Host-symbiont coevolution: Exploring the parasitism-mutualism continuum

Intimate and prolonged associations between different organisms - symbioses - are widespread and important in the natural environment. Symbiotic associations can range from being parasitic, where one organism benefits at the expense of the other, to being mutualistic, where both organisms benefit from the association. Such symbiotic associations underpin the functioning of ecosystems: mutualism can allow pairs of organisms to survive where otherwise neither would and parasitism can limit the growth of host populations. These symbioses are particularly important in microbial communities but little is known about how these associations shape the evolution and diversity of microbial symbionts. Here we want to understand how the evolution of symbiotic organisms is different under conditions that range from parasitic to mutualistic.
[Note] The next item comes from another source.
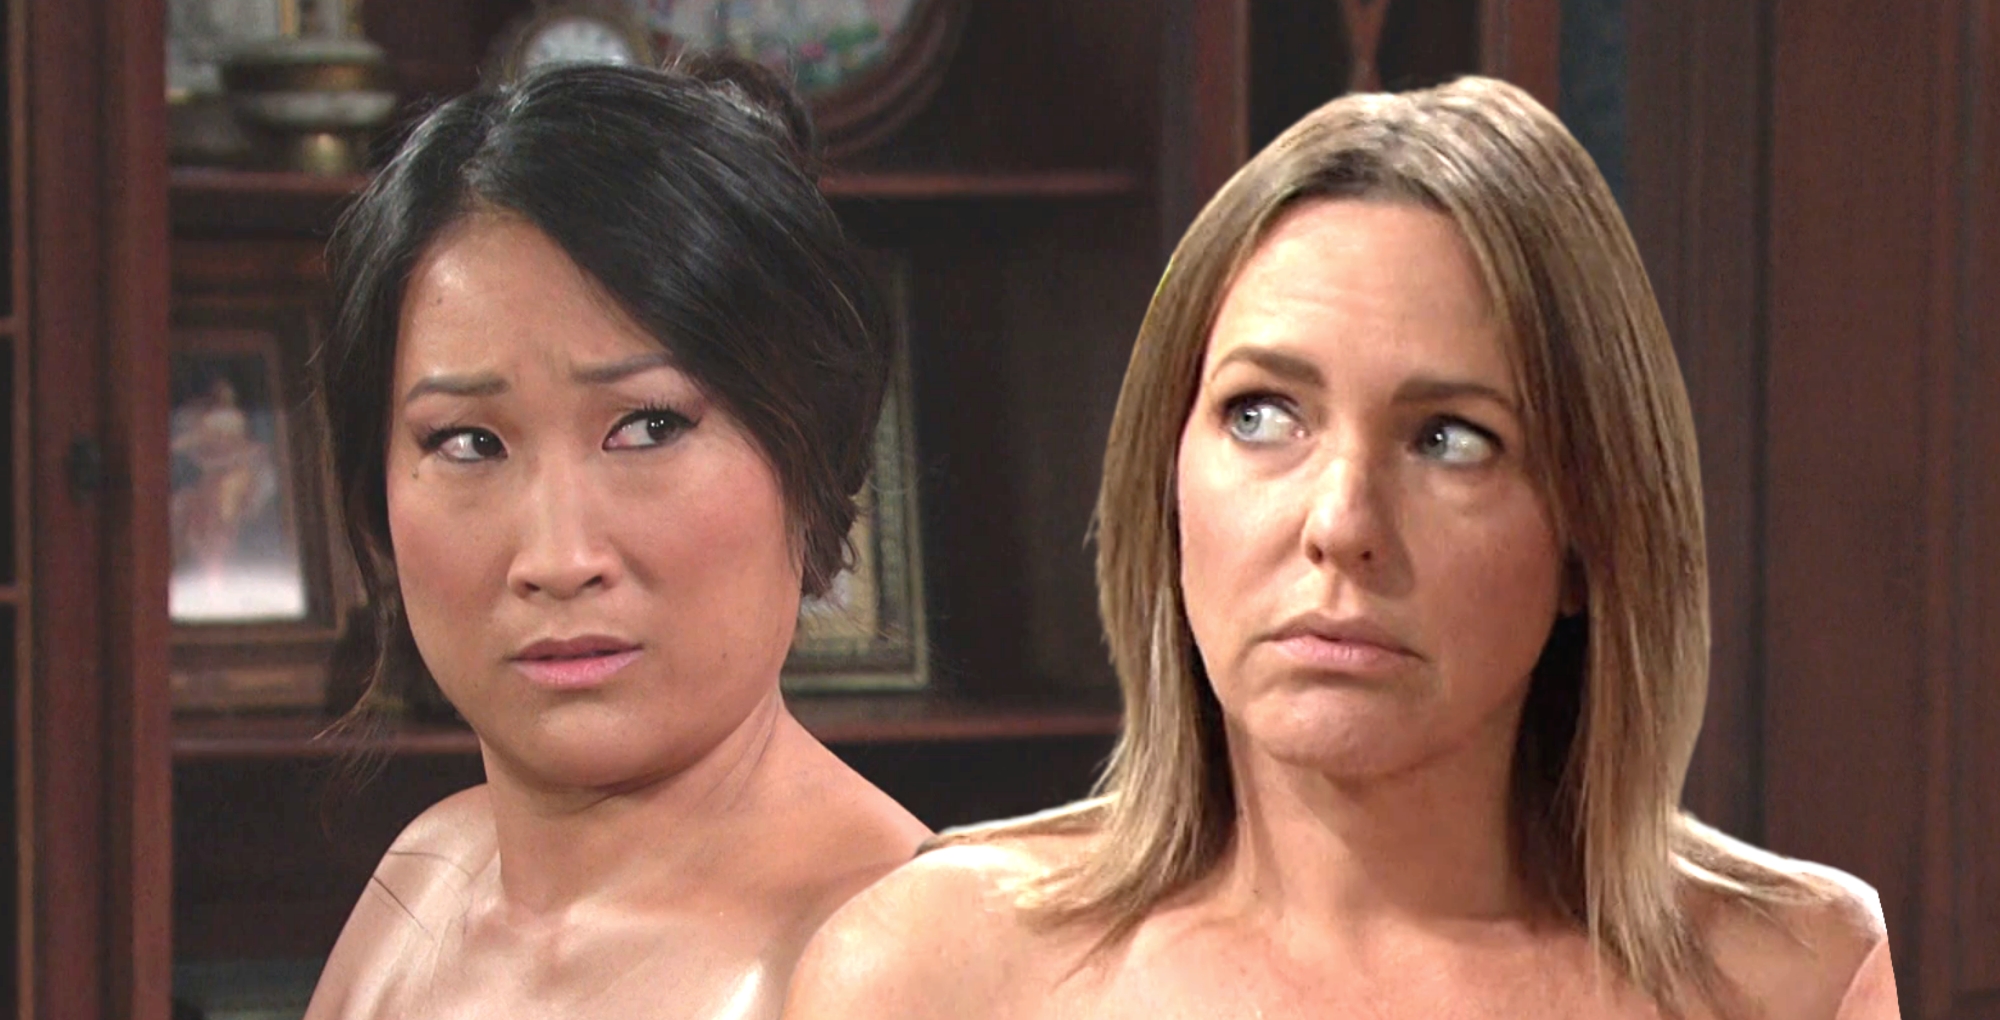 days of our lives left a naked melinda trask and nicole walker...could someone end up pregnant.

Our approach is to study the evolution of a bacterial-plasmid symbiosis where the nature of the association ranges from parasitic to mutualistic depending on the environment: in the presence of mercury the association is mutualistic because the plasmid has a gene for mercury resistance; and in the absence of mercury the association is parasitic because carrying the plasmid slows the growth of the bacteria. In nature carrying the plasmid allows bacteria to survive in otherwise toxic mercury contaminated soils. We will exploit the short generation times, and large population sizes of bacteria to observe evolution in action. We will discover and contrast the genetic changes that occur in the genomes of both the bacteria and the plasmid as they co-evolve on a continuum of environments that change the symbiosis from parasitic to mutualistic. - Our study is novel because we will, for the first time, study evolution across a parasitic-mutualistic symbiosis continuum using a single symbiotic association. - Our study is relevant to the natural environment because such bacterial-plasmid associations are widespread, but poorly understood, in microbial communities and are likely to play an important role in maintaining biodiversity and ecosystem function, particularly in response to heavy metal contamination of soils. - Our study is powerful because we will use an experimental approach to study evolution in action. - Our study is timely because we will exploit the latest technologies in DNA sequencing to directly observe evolution of genetic sequences in bacterial and plasmid genomes.